第479章 棒梗炸糞坑 誰是倒黴蛋去了一趟賭回來,李開朗回到家。
這次賭場之行可謂是收穫滿滿。
不僅是小賺了四五十塊錢,還將剛入門的賭術,提升到了掌握。
就一晚上的時間,就提升一個等級,這可是不常見。
最終是發現了一個技巧,只要肯花錢就能提升賭術,有這麼個方便的進階技巧,怎麼能不喜歡。
畢竟不花錢,怎麼可能來來回回去賭場。
“覆盤一下,那些人是怎麼作弊的。”
李開朗掏出買來的撲克牌,試著將荷官和一些千手的手法復刻出來。
他們的手速極快,一般人還真看不出來,但在李開朗‘倍速’的眼睛之下,無所遁形,再快的手法在他眼裡就是慢動作。
李開朗也是藉此發現,只是單獨呼叫身體的某個部位,消耗比起‘超人’模式要小得多。
這種單獨部位的使用,能一次性使用長達一分鐘以上。
要是斷斷續續使用,時間還能更長。
“我記得是這樣做的。”
李開朗將寶局看來的千術一一試著復刻出來。
偷牌、假切、假洗、發空牌。
李開朗目前就看過這四種千術,見字知其意,其千術內容就如同名字一般。
李開朗主要是是對偷牌這種記憶猶新,一方面是他押的最後一把。
另一方面,荷官就是用這辦法讓他贏的。
“當時我以為她是19點,實際上肯定比這個點數要低,等到我開牌的時候,才偷偷換掉,給了個相近的點數。”
“想讓我心存僥倖,下次再來賭。”
寶局就是用這種差一點點的僥倖,讓新手沉迷進去,不斷花錢。
“可惜了,偷牌這招學的再厲害,也沒有變沒的快,再厲害有我戒指厲害。”
“要是有一副牌在我手裡,保證贏得死死的。”
李開朗看向中指的戒指,除了他,誰都看不見他戴著戒指,這不比藏在手心裡安全,根本不用擔心被看到。
覆盤結束,李開朗將幾個手法練了練,便躺床睡覺。
“明天還得去新華書店學習,可不能再鴿了,上週沒去,這會得去了。”
雖然機械技術提升到了小成,對於夜大的知識已不用再費盡心思學習,但也不能就此自傲。
賈家。
賈東旭躺在床上,頭枕著手,直愣愣地看著天花板,不知道在想甚麼。
昨晚,賈東旭做了個噩夢。
具體夢到了甚麼,賈東旭記不太清,只是零零散散記得,易中海這麼多年根本就沒有認真教他。
易中海一直在忽悠他,教他技術完全是糊弄著來。
賈東旭被這噩夢驚醒,回想起易中海的情況。
“不是,怎麼輪到我這,以前怎麼就一直待在一級工,不應該啊?”
賈東旭的其他師兄,最差的也是三級工,怎麼輪到他這,一直都是一級工,無論如何都升不上去。

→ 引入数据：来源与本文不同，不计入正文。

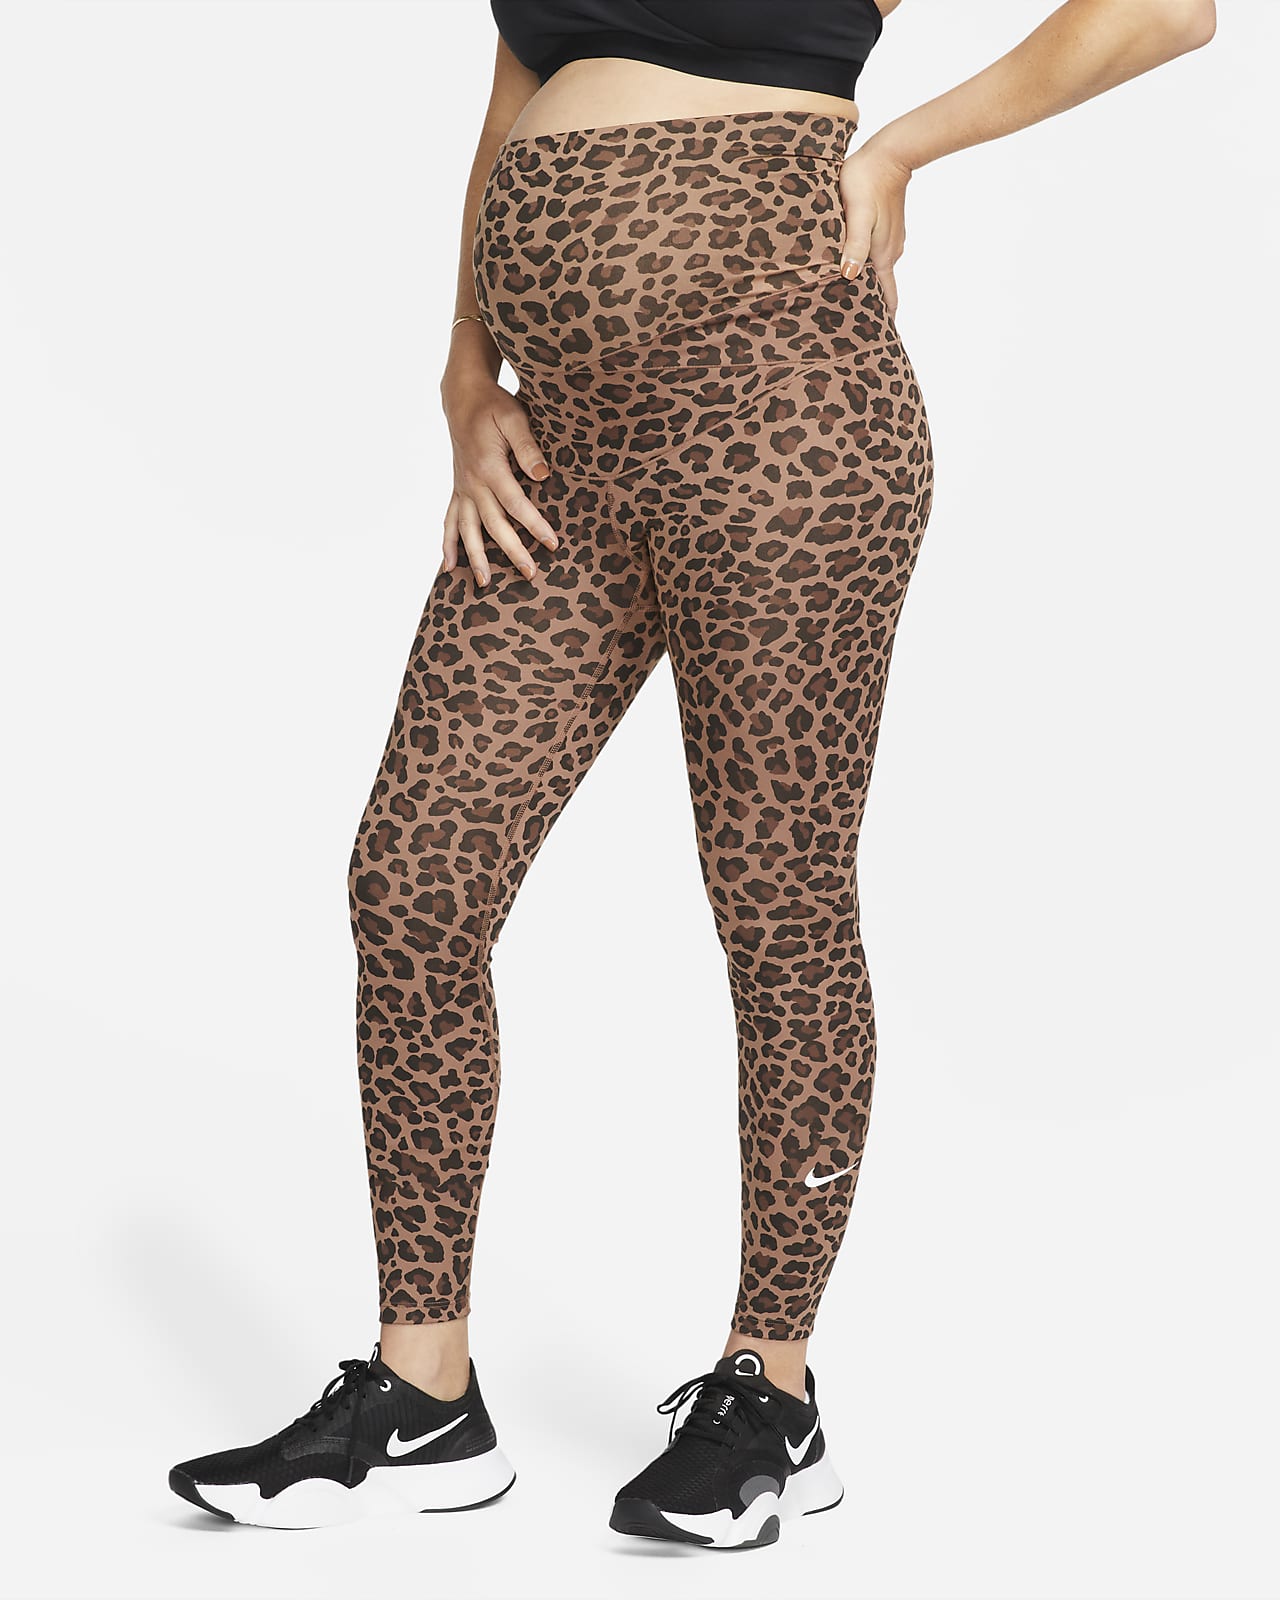 politicus bevel houten Nike One (M) Legging met hoge taille en luipaardprint voor dames  (zwangerschapskleding). Nike NL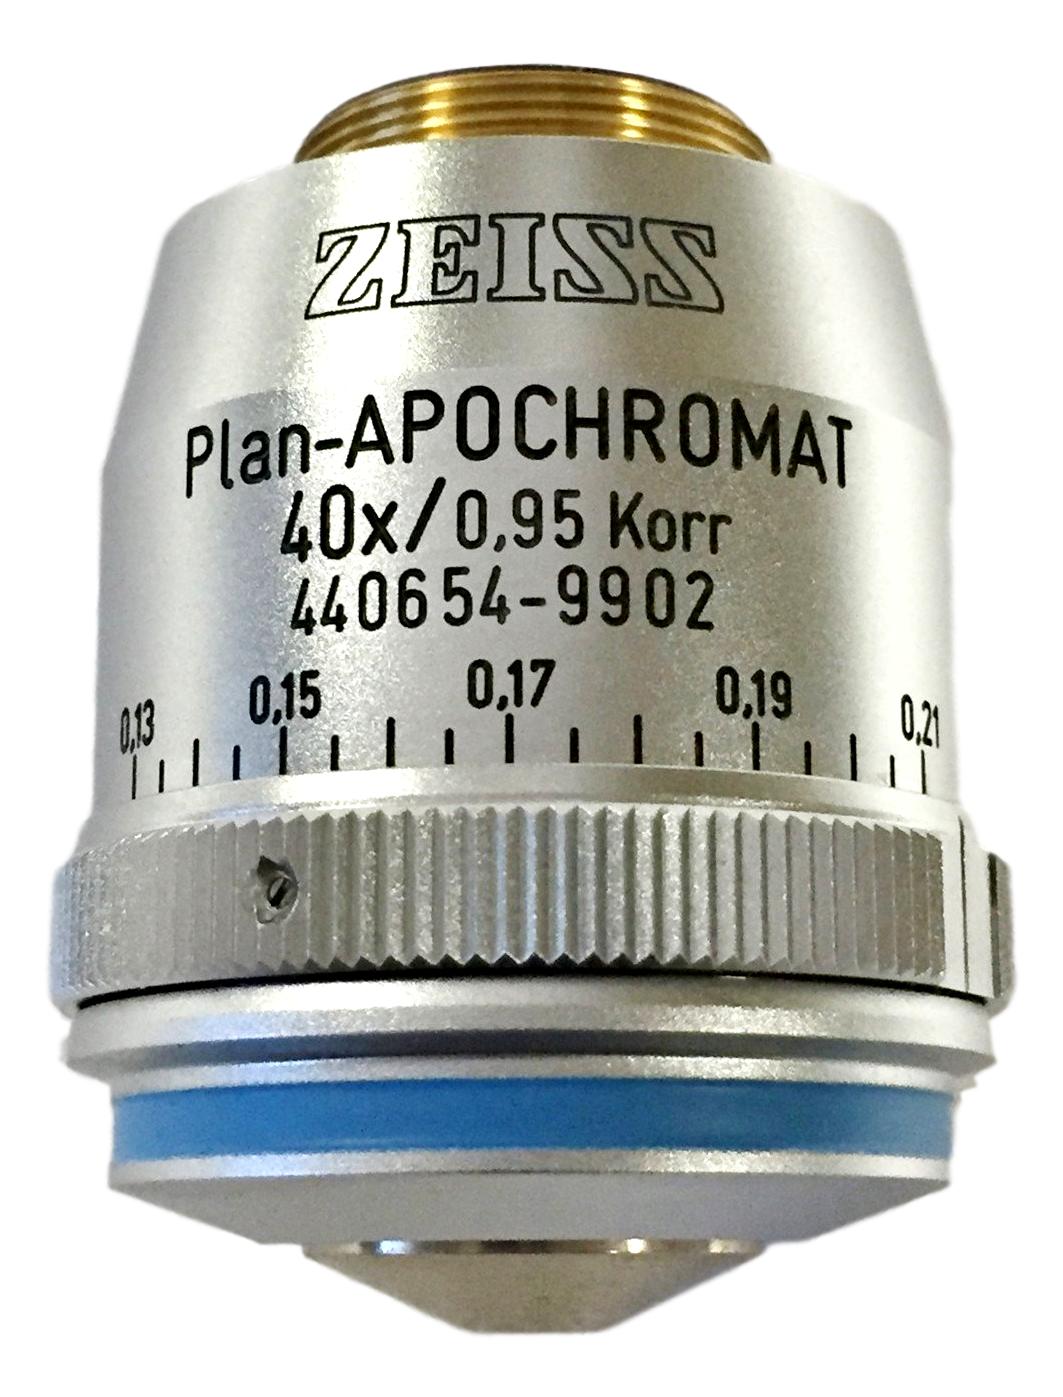 Zeiss Plan-ApoChromat 40x/0.95 Korr Infinity Corrected / 0.13-0.21

以前,賈東旭還想過是自己學的不認真,三天打魚兩天嗮網,這才升不上去的。
現在想想,肯定是易中海故意不認真教。
至於易中海為甚麼這麼做,賈東旭多多少少能猜到一些。
其一,他當易中海徒弟,是賈張氏求來的,一開始易中海並不想收,雖然收了,但教的也是不情不願。
尤其是學了幾年後,脫離學徒工成一級工後,他就不認真學了,易中海多次教導都沒用,也就懶得認真教。
其實也是賈東旭不行,最初幾年賈東旭的懶惰,讓易中海覺得自己的面子都敗光了,更不想教。
其二,易中海和棒梗認乾親後,特別不想讓賈家過的太好,最好是吃不好、餓不死的狀態。
這樣一來,賈家就需要他易中海一直輸血幫忙,他還能時不時地透過小恩小惠收攏人心。
只是賈東旭突然升到了二級工,工資比原先漲了5塊6,但這點變化絲毫不影響易中海的大計。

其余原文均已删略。